Segment Start: PROVIDED MATERIAL

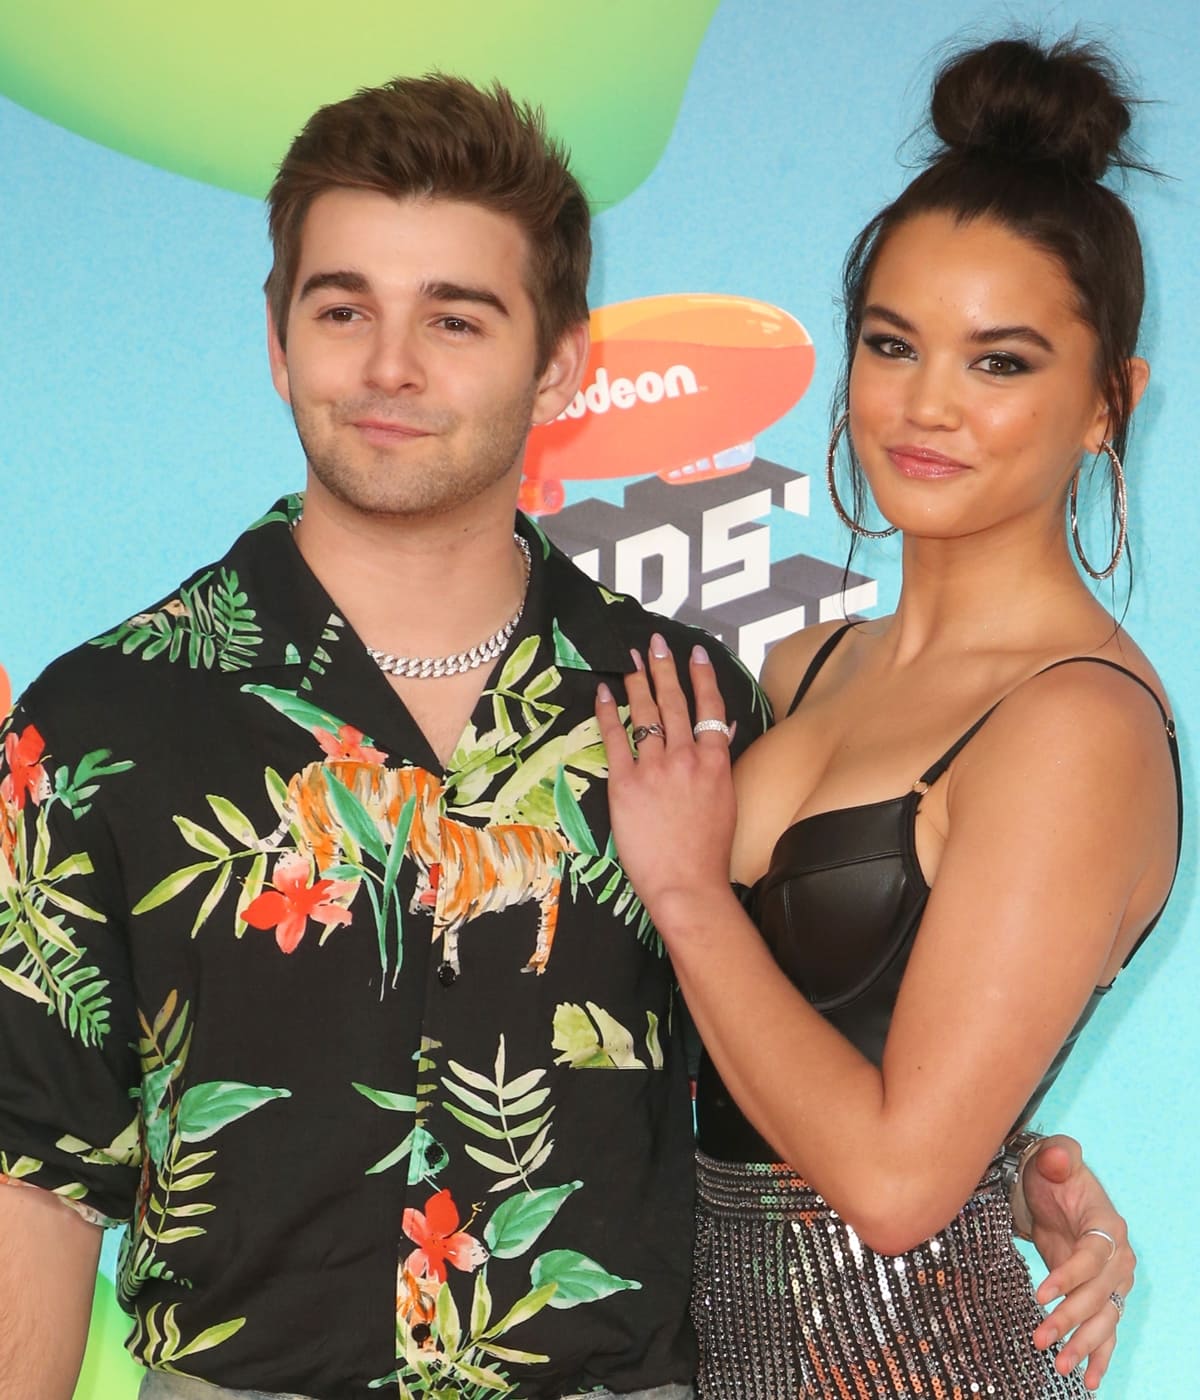 Paris Berelc and Jack Griffo dated on and off for three years and split in the summer of 2020
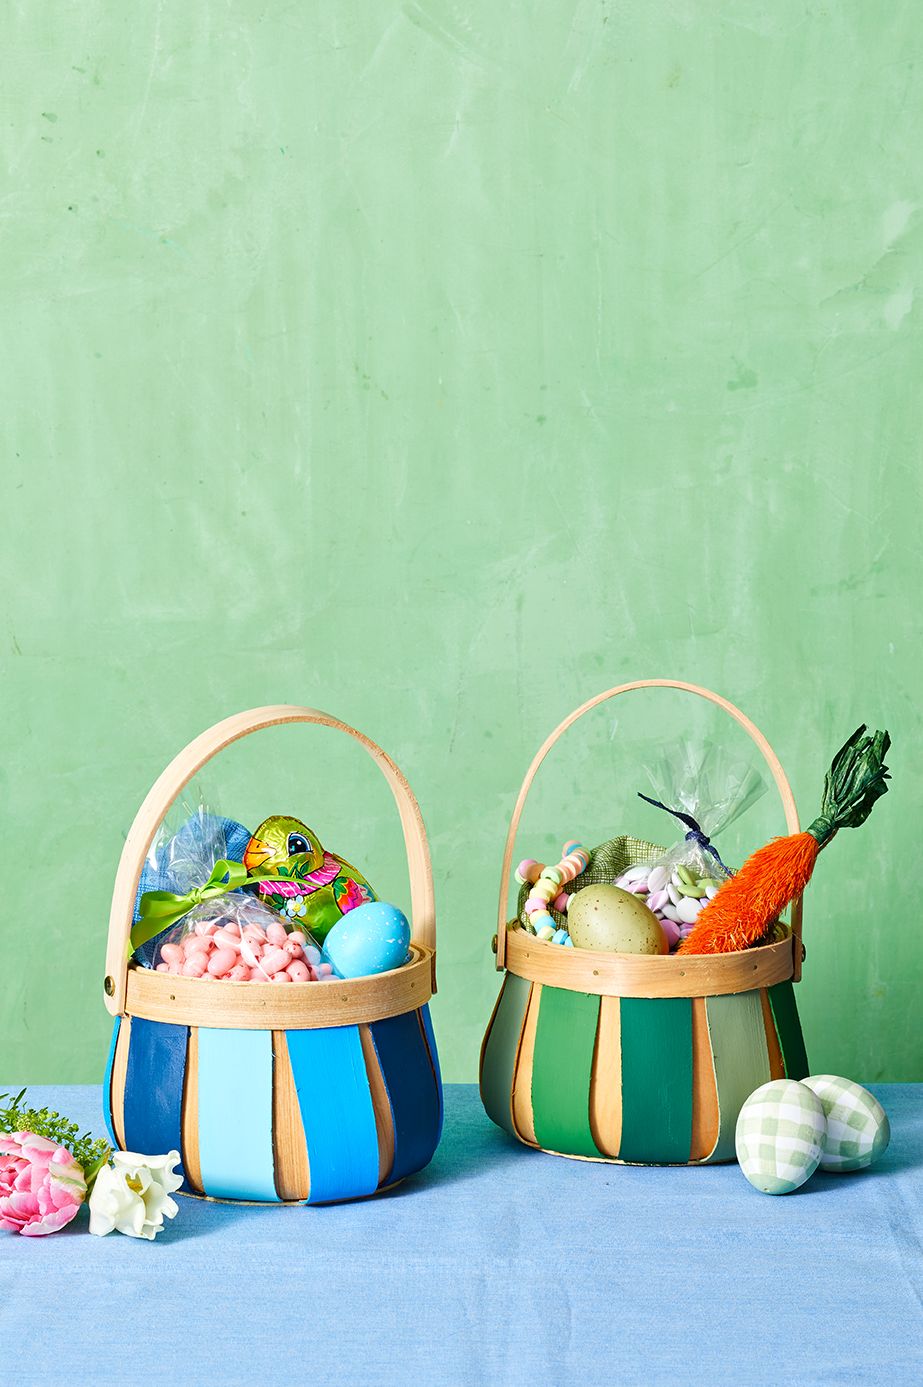 https://hips.hearstapps.com/hmg-prod/images/easter-basket-ideas-painted-basket-1677427141.jpg?crop=0.859xw:0.860xh;0.0867xw,0.112xh&resize=980:*
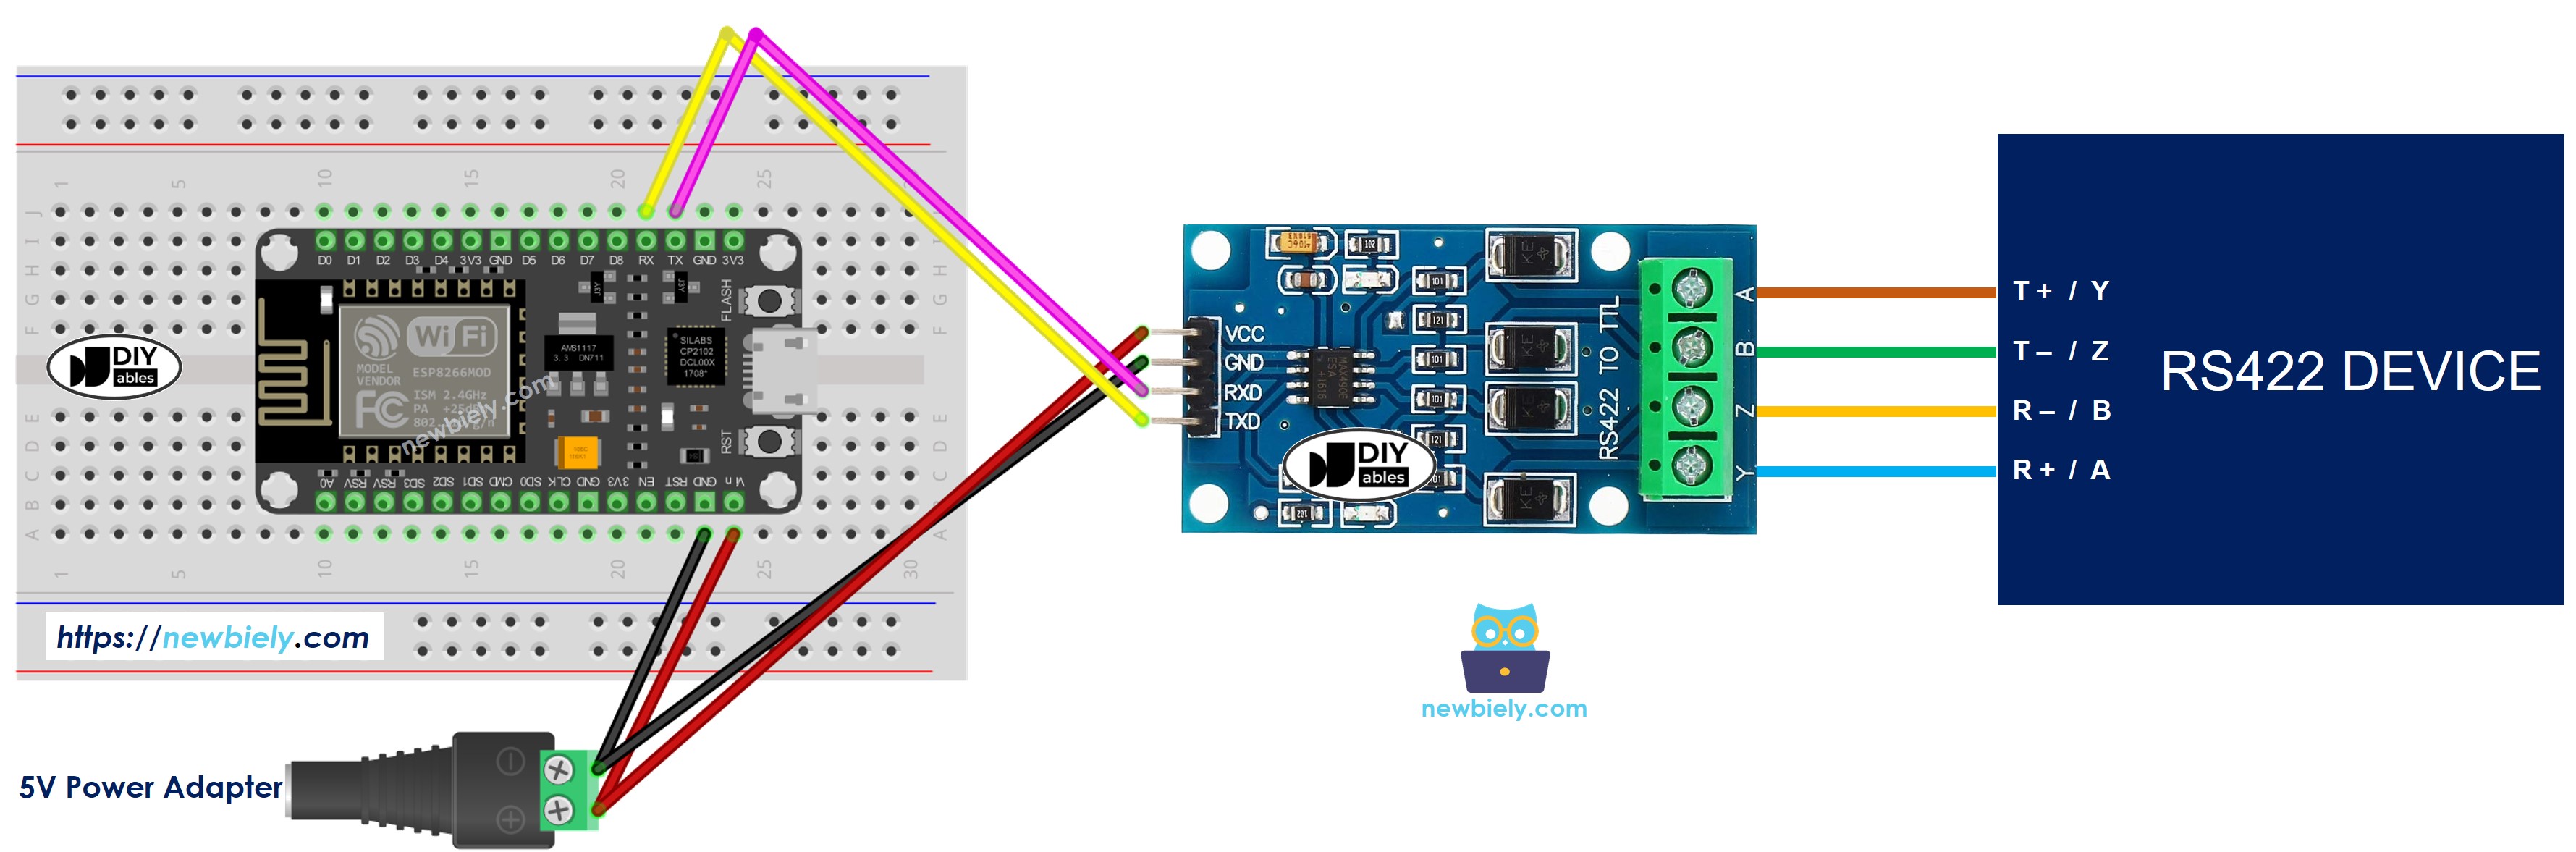 The wiring diagram between ESP8266 NodeMCU and TTL to RS422

Segment End: PROVIDED MATERIAL

Give back all of the material exactly, though without the images it contains.

OUTPUT |
 Paris Berelc and Jack Griffo dated on and off for three years and split in the summer of 2020
 https://hips.hearstapps.com/hmg-prod/images/easter-basket-ideas-painted-basket-1677427141.jpg?crop=0.859xw:0.860xh;0.0867xw,0.112xh&resize=980:*
 The wiring diagram between ESP8266 NodeMCU and TTL to RS422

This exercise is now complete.